Start of Block

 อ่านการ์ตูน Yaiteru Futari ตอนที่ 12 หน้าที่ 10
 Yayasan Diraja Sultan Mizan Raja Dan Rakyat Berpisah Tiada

End of Block
Start of Block

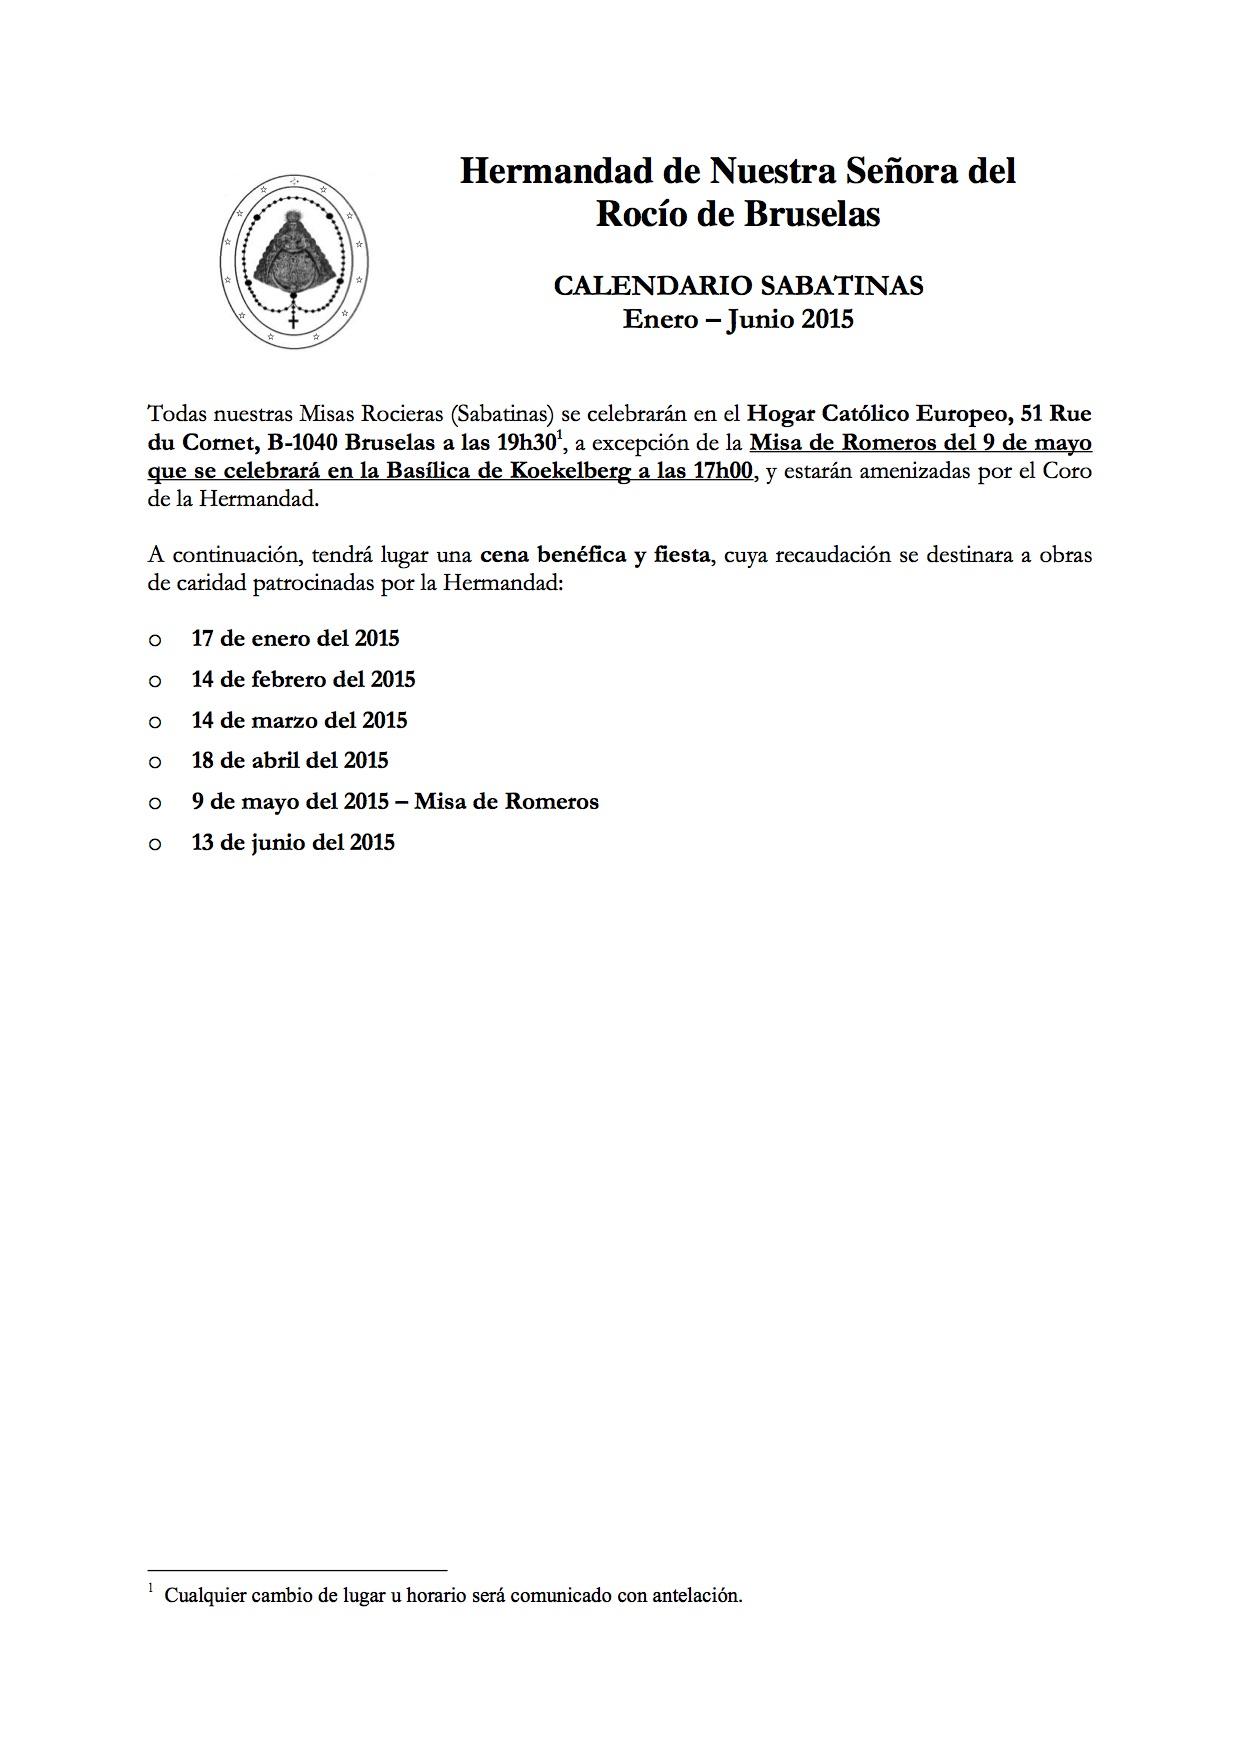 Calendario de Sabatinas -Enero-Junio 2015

End of Block
Start of Block

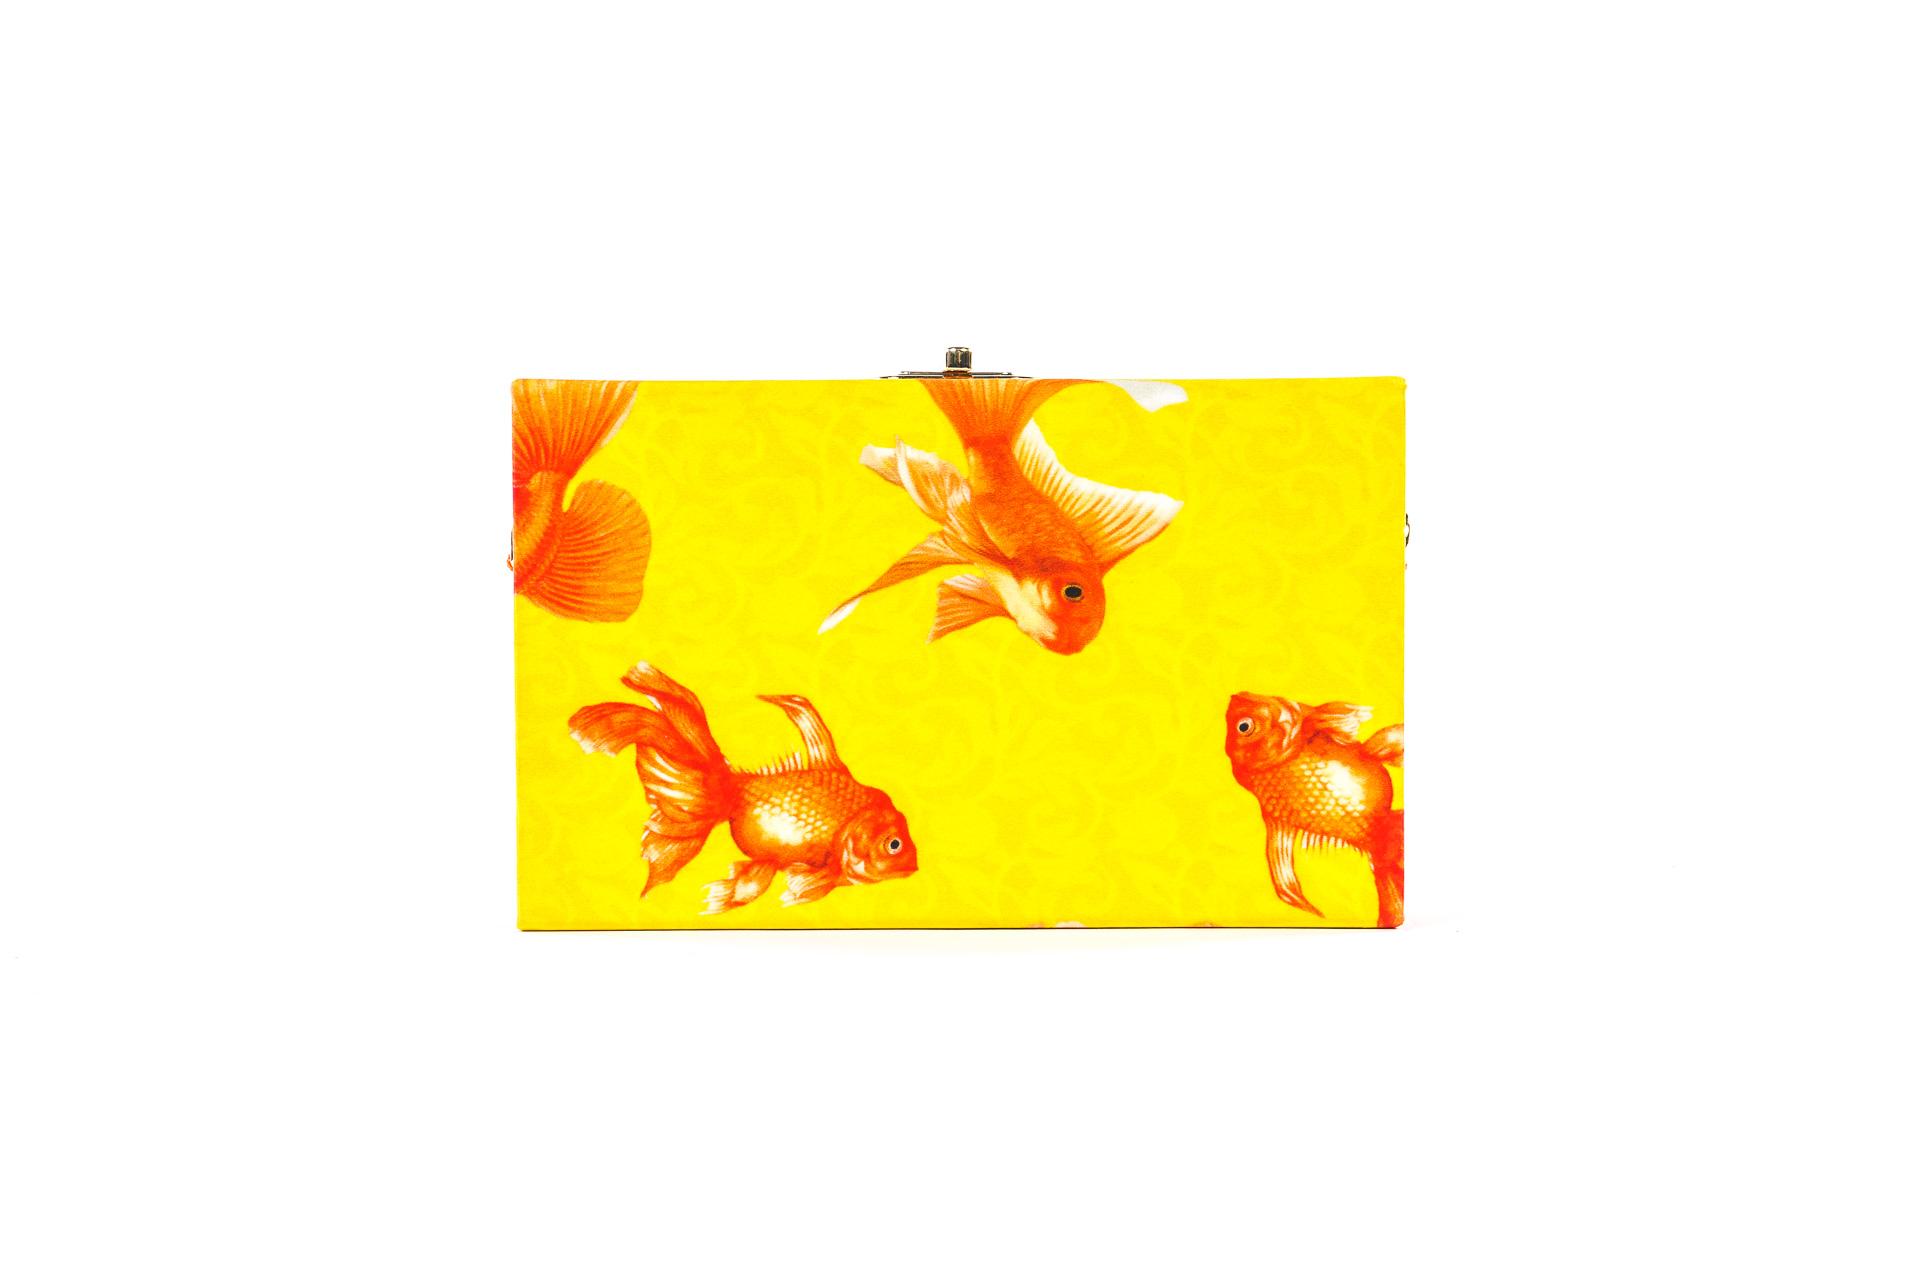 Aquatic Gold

End of Block

AIM OF THE EXERCISE: The required output is the stretch of entries above from the line containing "อ่านการ์ตูน Yaiteru Futari" through the line containing "Yayasan Diraja Sultan", reproduced exactly.

ANSWER BOX:
 อ่านการ์ตูน Yaiteru Futari ตอนที่ 12 หน้าที่ 10
 Yayasan Diraja Sultan Mizan Raja Dan Rakyat Berpisah Tiada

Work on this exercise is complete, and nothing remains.